To evaluate the performance of our detection system, we used cross-fold validation with 11 folds (Table 2). In this approach, each fold is tested in turn, with the remaining 10 folds used as training data. Folds #1 to #3 evaluate negative control data as well as subject-independent test data. Folds #4 to #11 evaluate test data which comes solely from Subject 5. Much of this subject's data is long-term data obtained during their 30-day trial period, reflecting the way that the CAVA system will be formally evaluated at the end of our ongoing investigation. Using this testing framework, we conducted four separate experiments: (i) The first experiment was designed to determine baseline performance. We compared the performance of our new 2D CNN to the 1D CNN architecture used in our previous work. (ii and iii) We sought to determine the contribution to system performance of the eye-movement and accelerometer data. This was achieved by undertaking two separate experiments, one using eye-movement alone and another using accelerometer data alone. (iv) The final experiment was to evaluate the performance of our 2D CNN approach, including the benefits offered by our ensemble approach to classification. The network architectures used in these different experiments were broadly the same (see Section 2.4.4), except for the experiments using fewer data sources, for which the kernel sizes had to be reduced to reflect the dimensionality of the data.

Table 2

The data used for each fold of the cross-fold validation experiments. The IDs refer to the files listed in Table 1.
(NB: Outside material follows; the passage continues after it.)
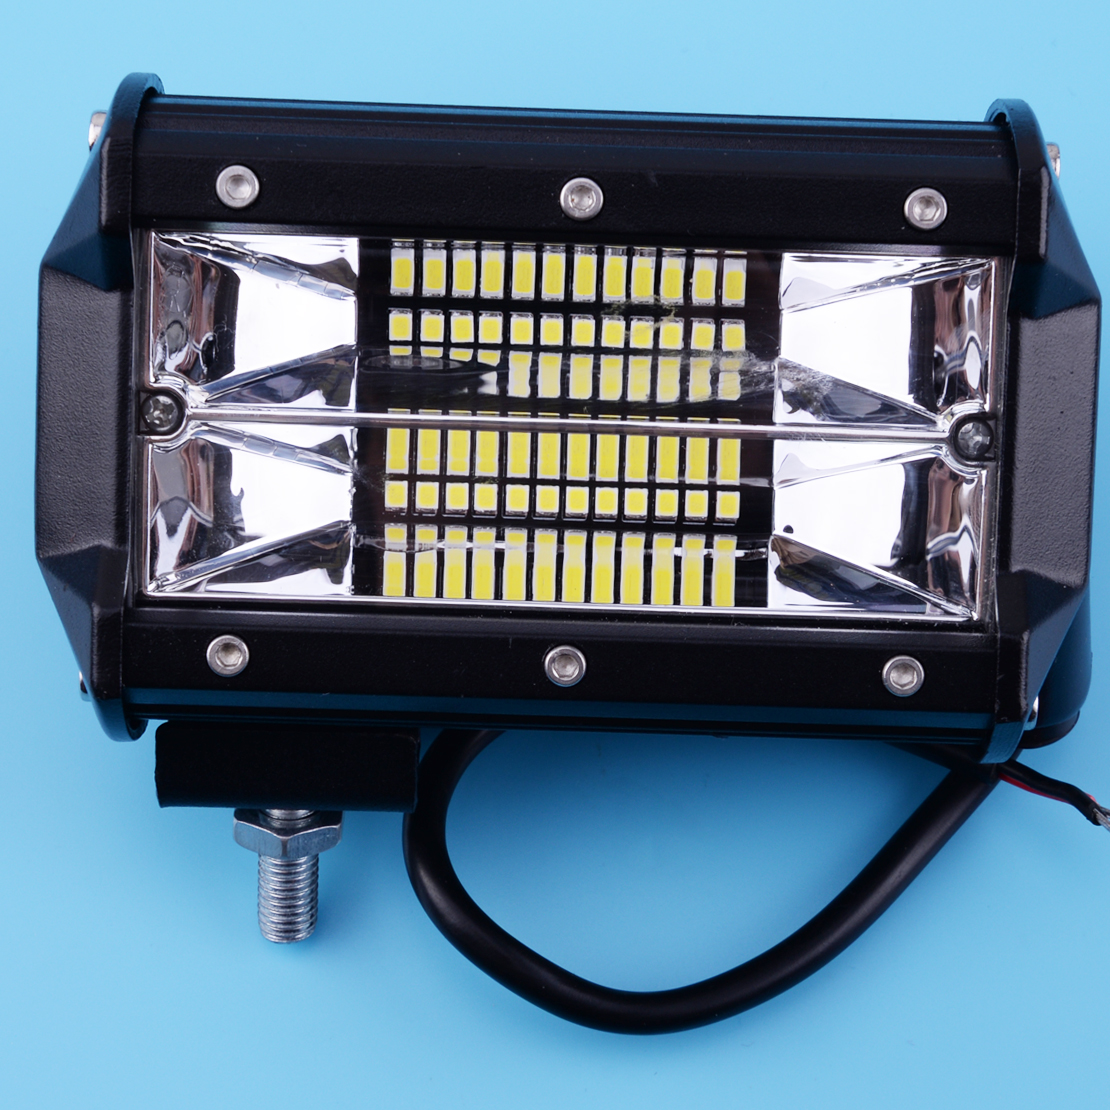 Beler 12 v 72 w LED Lumière Bar 5 pouce Spot Faisceau Light Work Conduite Lumière Route Éclairage pour Jeep voiture Camion SUV Bateau Marine

Fold #	Training file IDs	Testing file IDs	Testing subj. IDs
1	3, 4, 6, 7, 8, 9, 10, 11, 12, 13	1, 2, 5	1, 2, 3, 5
2	4, 5, 6, 7, 8, 9, 10, 11, 12, 13	3	3
3	3, 5, 6, 7, 8, 9, 10, 11, 12, 13	4	4
4	3, 4, 5, 7, 8, 9, 10, 11, 12, 13	6	5
5	3, 4, 5, 6, 8, 9, 10, 11, 12, 13	7	5
6	3, 4, 5, 6, 7, 9, 10, 11, 12, 13	8	5
7	3, 4, 5, 6, 7, 8, 10, 11, 12, 13	9	5
8	3, 4, 5, 6, 7, 8, 9, 11, 12, 13	10	5
9	3, 4, 5, 6, 7, 8, 9, 10, 12, 13	11	5
10	3, 4, 5, 6, 7, 8, 9, 10, 11, 13	12	5
11	3, 4, 5, 6, 7, 8, 9, 10, 11, 12	13	5

The data used for each fold of the cross-fold validation experiments. The IDs refer to the files listed in Table 1.

The detection system

The system used in these experiments is a development of our previous work [10]. Fig. 3 shows the arrangement of this system and the following sub-sections describe the function of the modules within it.

Fig. 3

Block diagram of nystagmus detection system. Input recognition features are combined into either a 2D matrix or multi-channel 1D vector.

Pre-processing

Electrooculography recordings of eye-movement data commonly display signal drift, whereby the baseline of the signal moves through time. To remove this drift from our horizontal and vertical eye-movement data, we applied a second order Butterworth high-pass filter, with a cut-off frequency of 0.25 Hz. The accelerometer data was not filtered. As the CAVA device captures eye-movement and accelerometer data at different sampling rates, we linearly interpolated the accelerometer data to match the eye-movement data, allowing the vectors to be stacked into a matrix (Section 2.4.3).

Windowing

A sliding window with a duration of 400 samples and a 75% overlap was used to convert the individual samples into separate frames of data, each representing 9.6 s of data. For training, the ground-truth label for each frame was determined by the majority label of the samples within it. During testing, a frame was considered as a positive example of ‘nystagmus’ if any of its constituent samples contained nystagmus. The reason for this difference was to ensure that only unambiguous examples of nystagmus were used for training the networks, whilst all examples of nystagmus were considered at testing. We opted for a window duration of 400 samples, based upon the findings from our previous work [10].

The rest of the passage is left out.